Conclusie en aanbevelingen Het plan heeft een neutraal effect op het vlak van mobiliteit.
3.13
SAMENHANG TUSSEN DE DISCIPLINES Er zijn geen significante effecten te verwachten
3.14
GRENSOVERSCHRIJDENDE EFFECTEN Gelet op de ligging van het plangebied op ruime afstand van gemeente-, gewest- of landgrenzen, de schaal van de ontwikkeling en het ontbreken van aanzienlijke milieueffecten wordt geconcludeerd dat er geen gewest- of landgrensoverschrijdende effecten zullen voorkomen n.a.v. dit plan.
3.15
CUMULATIEVE EFFECTEN Er zijn geen plannen of projecten in de nabije omgeving bekend die een invloed kunnen hebben op dit plan, of die door dit plan beïnvloed kunnen worden. Bijgevolg kan gesteld worden dat er geen cumulatieve effecten te verwachten zijn.
37
3.16
LEEMTEN IN DE KENNIS De beperkte leemten in de kennis zijn het gevolg van onzekerheden over de concrete realisatie en invulling van het plangebied. Op het niveau van het plan kan dit niet verder worden uitgedetailleerd dan nu reeds het geval is. De leemten zijn niet van die aard dat ze aanleiding kunnen geven tot mogelijke aanzienlijke milieueffecten. Daarnaast zullen ruimtelijke effecten die het detailleringsniveau van het planologisch attest overschrijden op het niveau van de stedenbouwkundige vergunning worden beoordeeld (vb. beplantingsvoorstellen, e.d.)
38
BESLUIT
Zoals eerder vermeld, bestaat de doelstelling van het RUP erin om voor een hoofdzakelijk vergunde manege het juridisch-planologisch kader (gewestplan), waarin onvoldoende rekening word gehouden met de bestaande en vergunde toestand, bij te stellen zodat rechtszekerheid wordt gewaarborgd voor de huidige en de volgende generatie.

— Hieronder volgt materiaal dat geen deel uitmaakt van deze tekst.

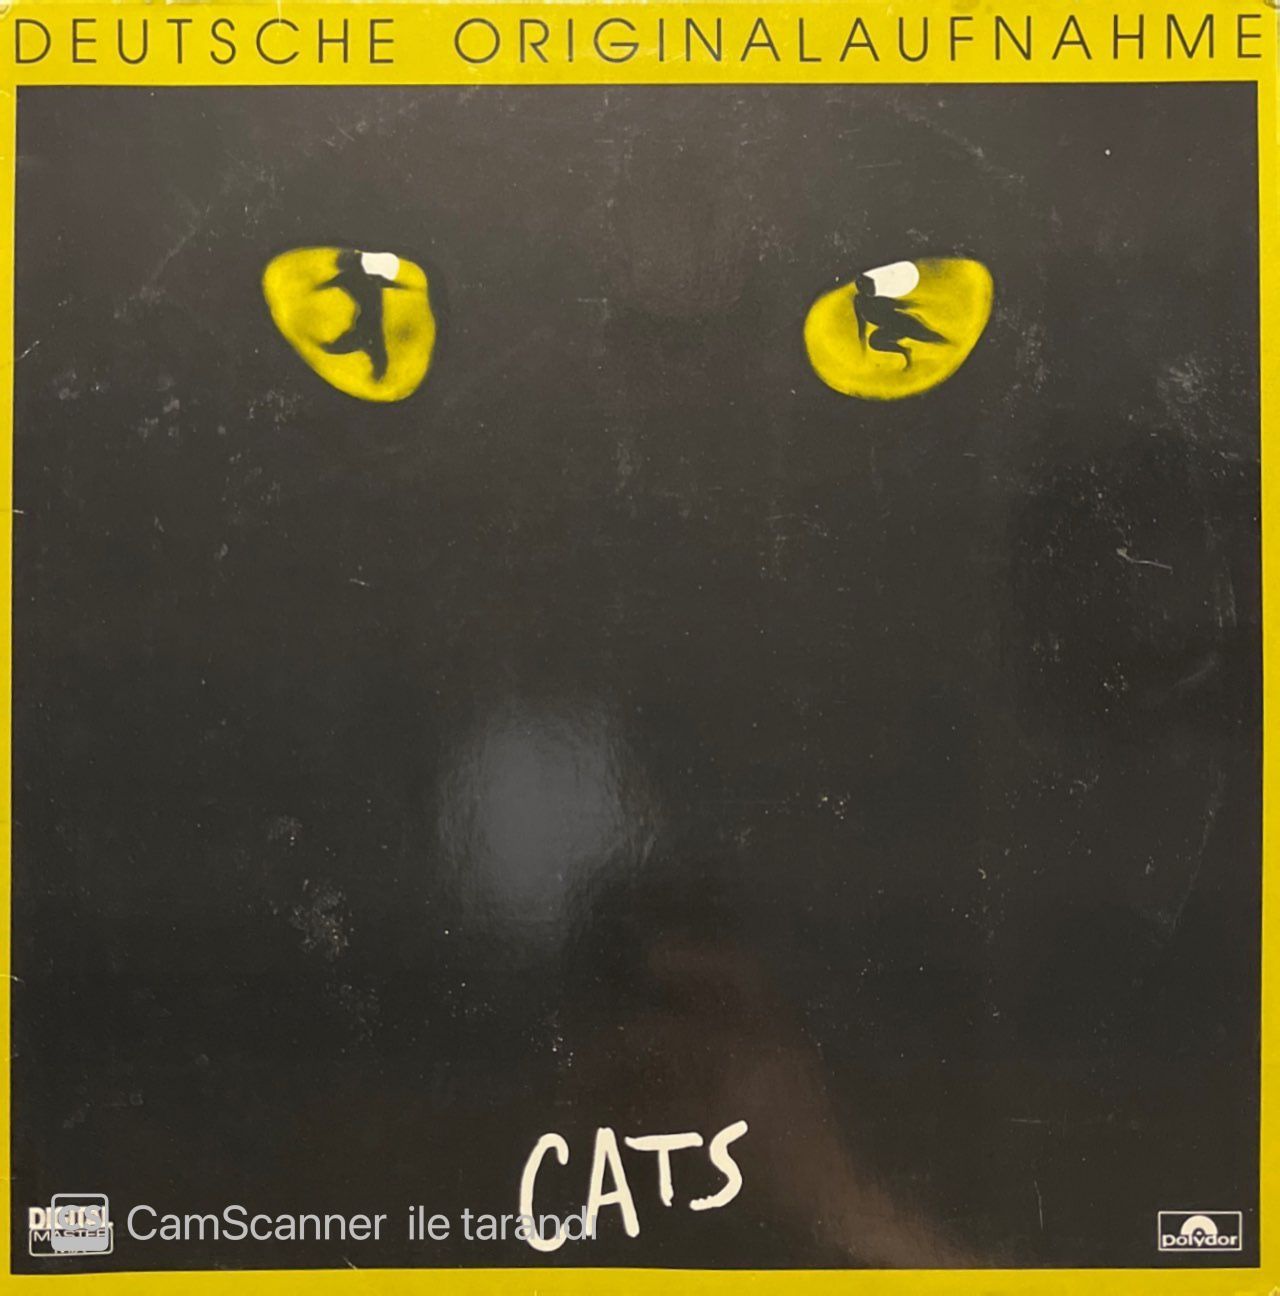 Cats Soundtrack LP Plak
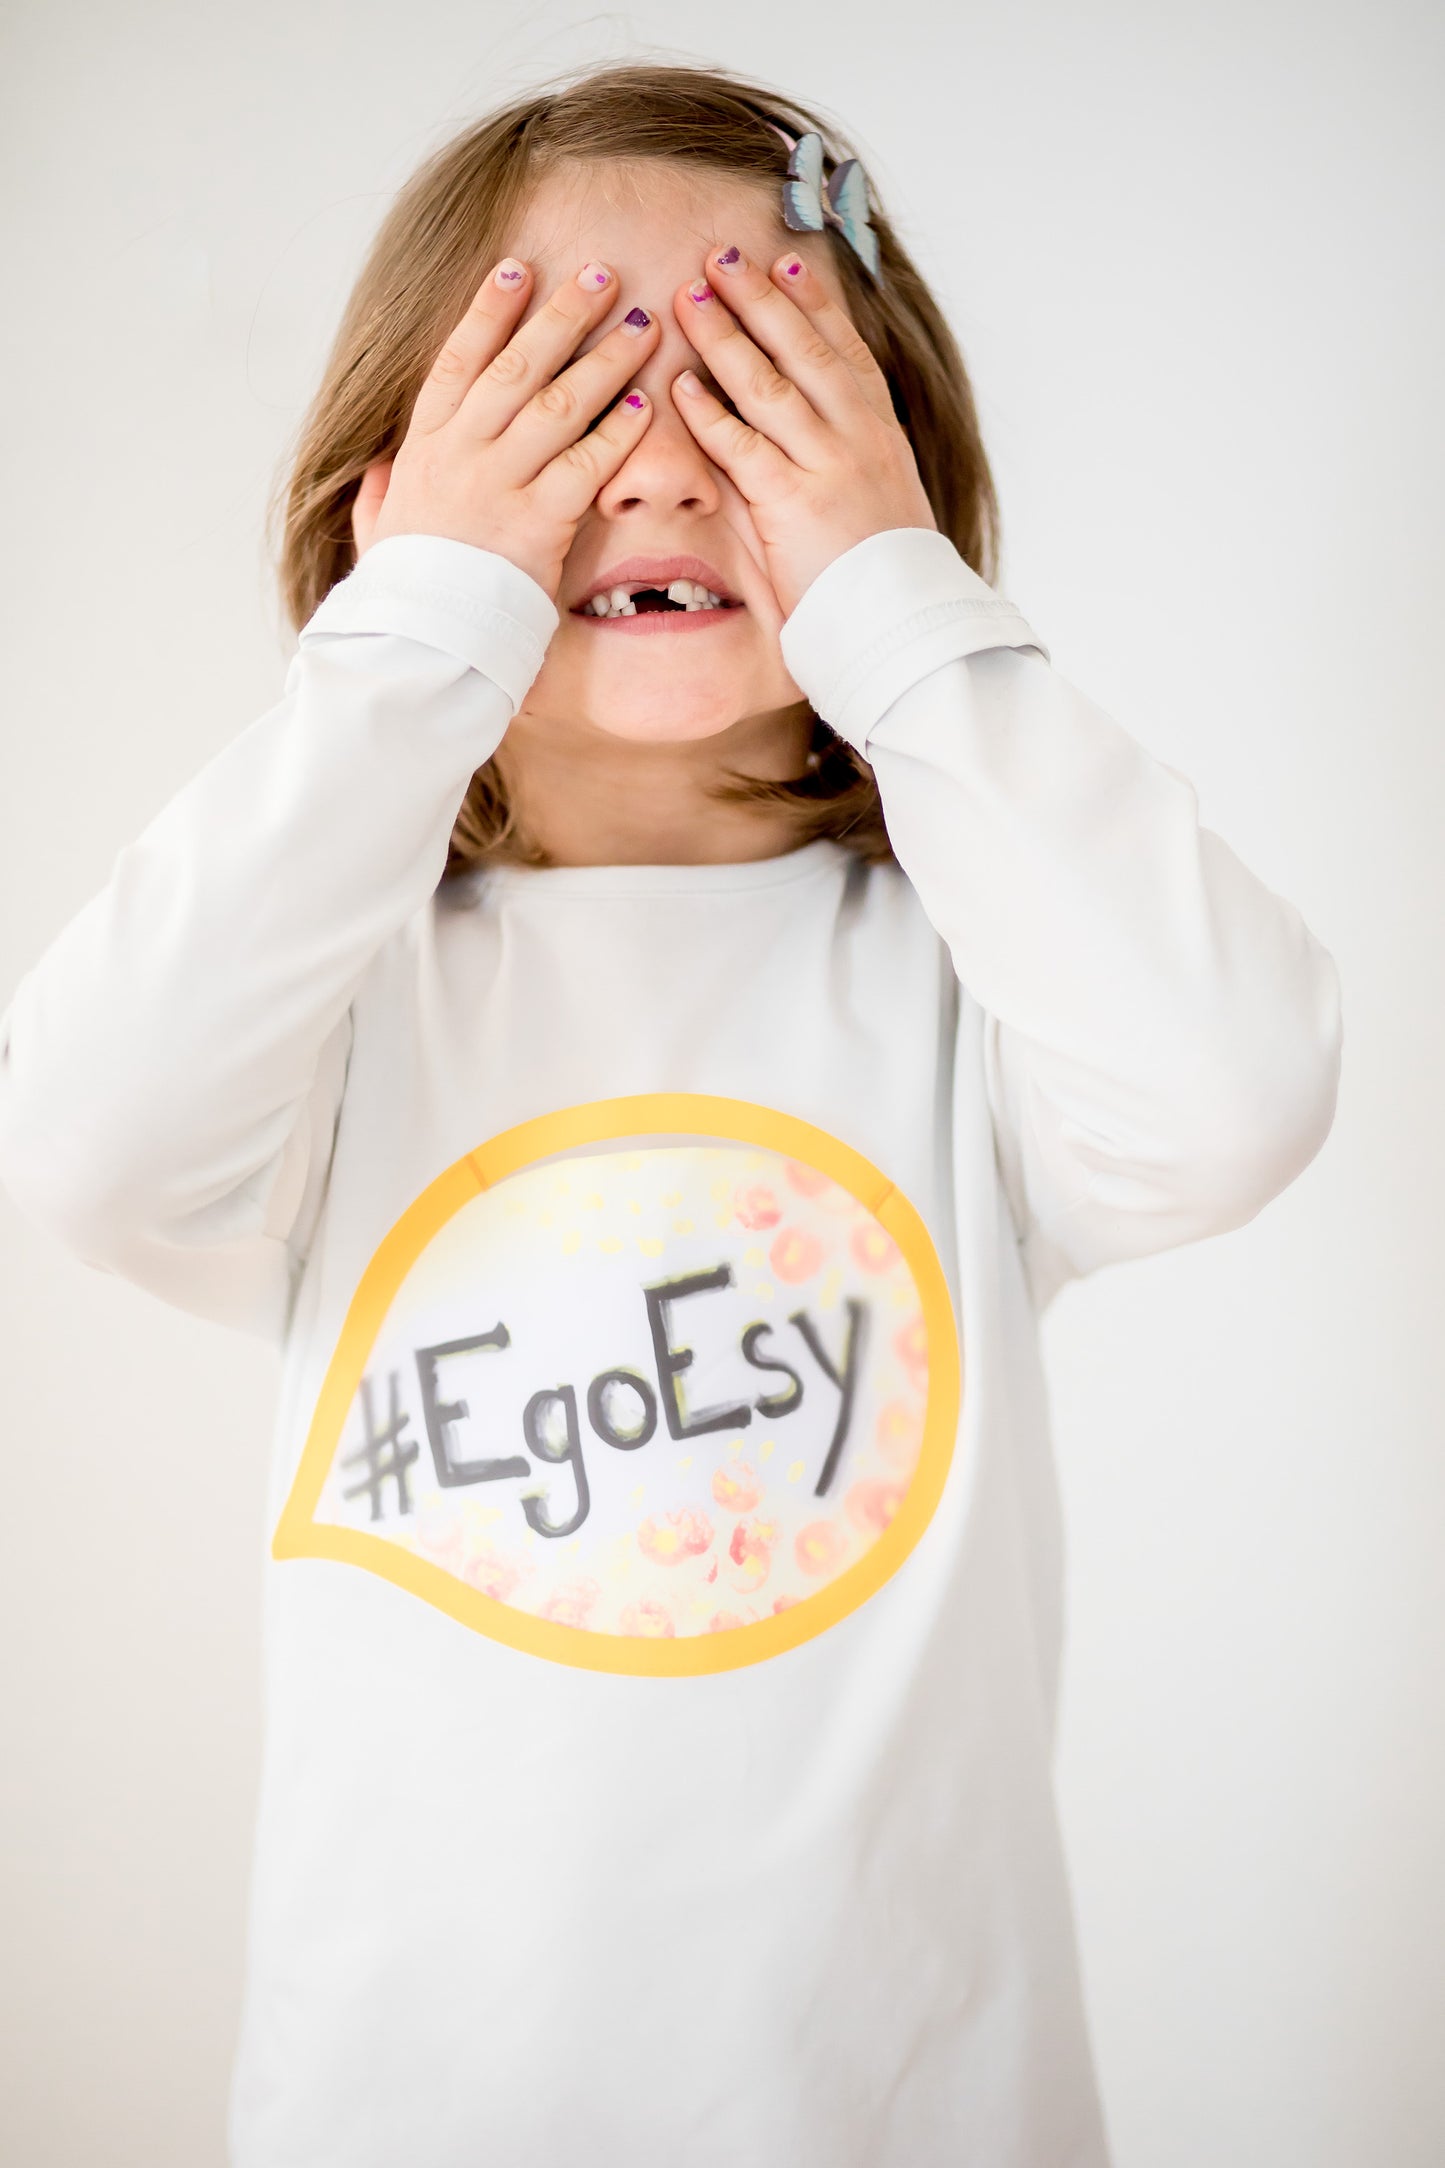 EgoEsy Shirt für Kinder und Jugendliche. Eigene Kunstwerke und Botschaften individuell und nachhaltig im Shirt tragen! #egoesy

Op basis van de beschikbare informatie kan worden besloten dat ten gevolge van het RUP geen aanzienlijke milieueffecten te verwachten zijn. Het planologisch attest, dat voorwerp vormt van dit onderzoek tot milieueffectenrapportage, valt volgens voorgaand effectenonderzoek bijgevolg niet onder de plan-MER-plicht zoals voorzien in het plan-MER decreet van 17/04/2007. De voorgestelde milderende maatregelen voorgesteld in dit onderzoek worden opgenomen of verwerkt in het ontwerp van planologisch attest.